Movie Rental Licensing
August 12, 2009 6:20 AM   RSS feed for this thread Subscribe

How does Licensing work for DVD rental Outfits?

Basically, do places like Blockbuster, Netflix, or Redbox pay a licensing fee for the DVDs they rent? After reading the recent article about the studios not playing nice with RedBox, I am curious how it works. DO the businesses pay a flat fee for the right to rent movies? Do they not have to license stuff, and just buy DVDs like a standard consumer? I have to believe the movie industry must have some way of getting an extra cut from this.
posted by Amby72 to media & arts (7 comments total)
From an article about the Redbox suit:
The company does not, however, have any sort of partnership with most of the major movie studios. Sony is the only one that has recently struck a distribution deal with Redbox—the company otherwise obtains its DVDs through wholesale movie suppliers, such as Ingram and VPD, that have contracts with the movie studios. Movie giant Universal was the first to pick a bone with this arrangement, threatening to sever contracts with distributors unless they stopped providing DVDs to Redbox until 45 days after release.
And here are some details on their Sony deal:
The deal allows Redbox, a unit of Bellevue, Wash.-Coinstar Inc., to purchase titles directly from Sony Pictures at a lower price than what it would get through a wholesaler, such as VPD Inc. or Ingram Entertainment Inc. In exchange, Redbox has agreed to conditions such as not selling used Sony DVDs into the marketplace, which could erode pricing.

posted by smackfu at 6:47 AM on August 12


There's a legal construct called the First Sale Doctrine (IANAL) that basically says "You bought an object, you can do whatever the heck you want with it." For physical things, that means you really can just buy it and rent it out without paying anybody anything extra. Most rental companies buy at a discount in bulk, but there's nothing stopping them from just picking up a lot of copies at retail and still renting them; I believe Netflix did, or said they would, during a distribution brouhaha. There's no licensing involved.

This is, of course, what the media giants would like to change when everything goes digital, so they always get a cut from everything that ever happens with their IP. But right now, no, they don't get any extra cut, because you don't need a license to rent a physical object.
posted by Tomorrowful at 7:14 AM on August 12


There's a legal construct called the First Sale Doctrine (IANAL) that basically says "You bought an object, you can do whatever the heck you want with it." For physical things, that means you really can just buy it and rent it out without paying anybody anything extra.

There's also copyright law of 1984 which removes this ability for phono records and computer software.

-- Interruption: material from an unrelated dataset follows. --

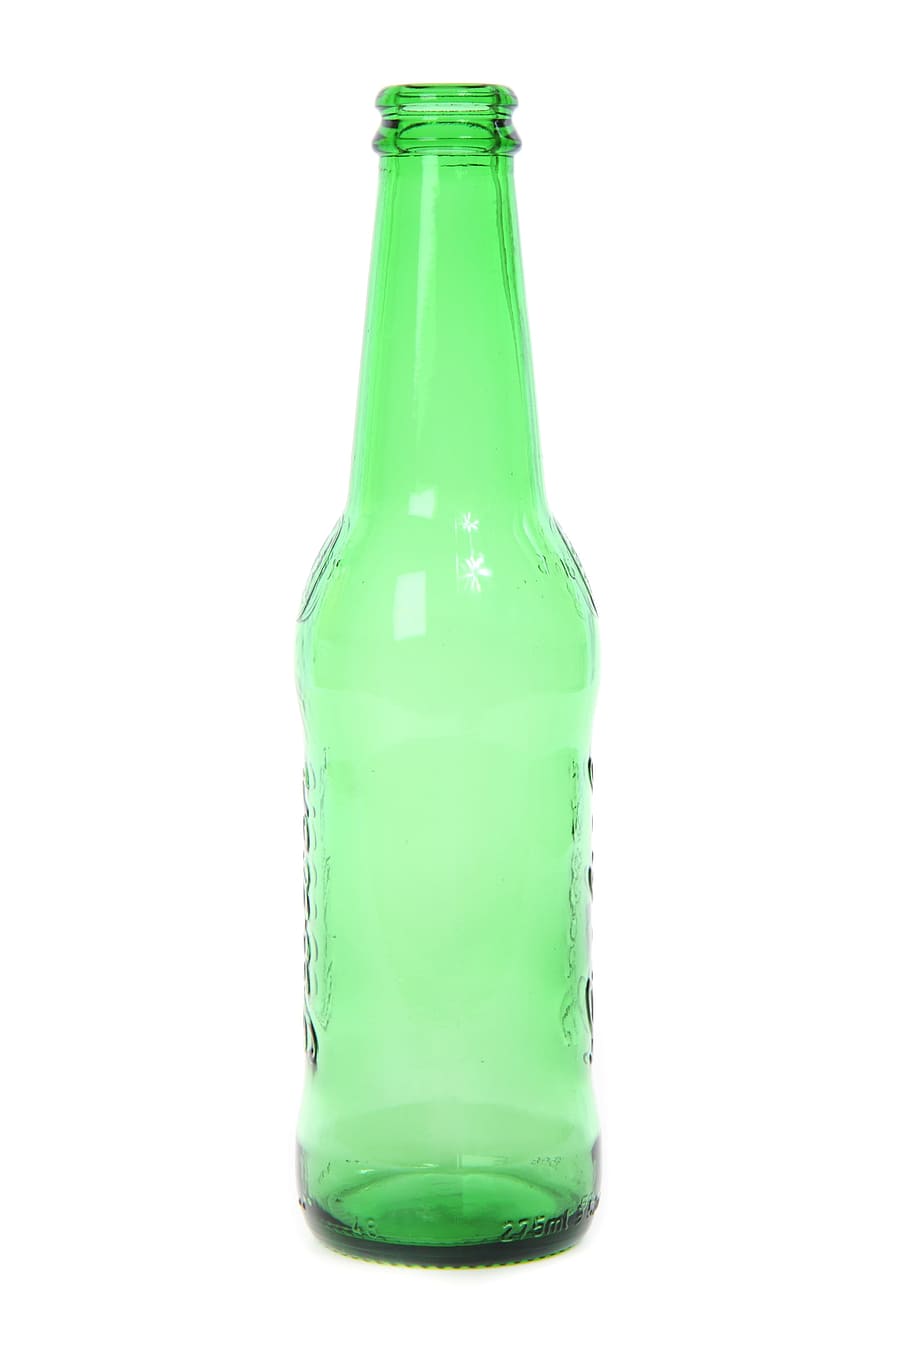 empty, green, translucent, glass bottle, alcohol, beer, bottle, clean, detail, drink

Which is sad, since renting $600 worth of CDs -- the entire catalog of my favorite J-POP artist -- for $40 back in 1999 was one of my favorite experiences in Tokyo :)
posted by @troy at 7:21 AM on August 12


Back in the VHS days, I remember "for rental" videos being sold at something like $80 a pop. I think those would go on sale a few weeks before regular retail sales. If you really wanted to buy it for the rental price you could, but obviously it was more for Blockbuster and stuff.
posted by kmz at 7:23 AM on August 12


So, The movie studios have not figured out how to get in on the sweet deal of "Licensing" movies like the software industry and Music Industry does? It seems things are moving this way in the digital distribution channels. I guess I always thought they had to buy expensive copies of the movies or pay some sort of licensing fees.
posted by Amby72 at 7:49 AM on August 12


The Weinstein Company tried this with Blockbuster some time ago

Curiously, I'm seeing some of their films expiring from netflix's instant view at the end of the month. Dunno what's up with this.

I think netflix and others do revenue sharing with the majors to more fully optimize their supply/demand curves (by managing their inventory with non-retail product). Lots of DVDs I get from netflix are non-retail (going by the monochrome disc labelling).
posted by @troy at 9:56 AM on August 12


I have a similar memory to what kmz said. I worked at a BlockBuster in the late 90s. It was standard procedure for us to call people who had a movie a month overdue and inform them that in a week we'd be selling it to them, charging it to the credit card we had on record, unless they returned it. A lot of times we suspected folks thought this was a reasonable exchange and would just keep the movies. Unless it turned out to be a brand new movie (which I guess we got for a premium before they went onsale to the masses at regular prices?) and when a $99 charge for a VHS movie showed up on their credit cards, the "lost" movies quickly got found.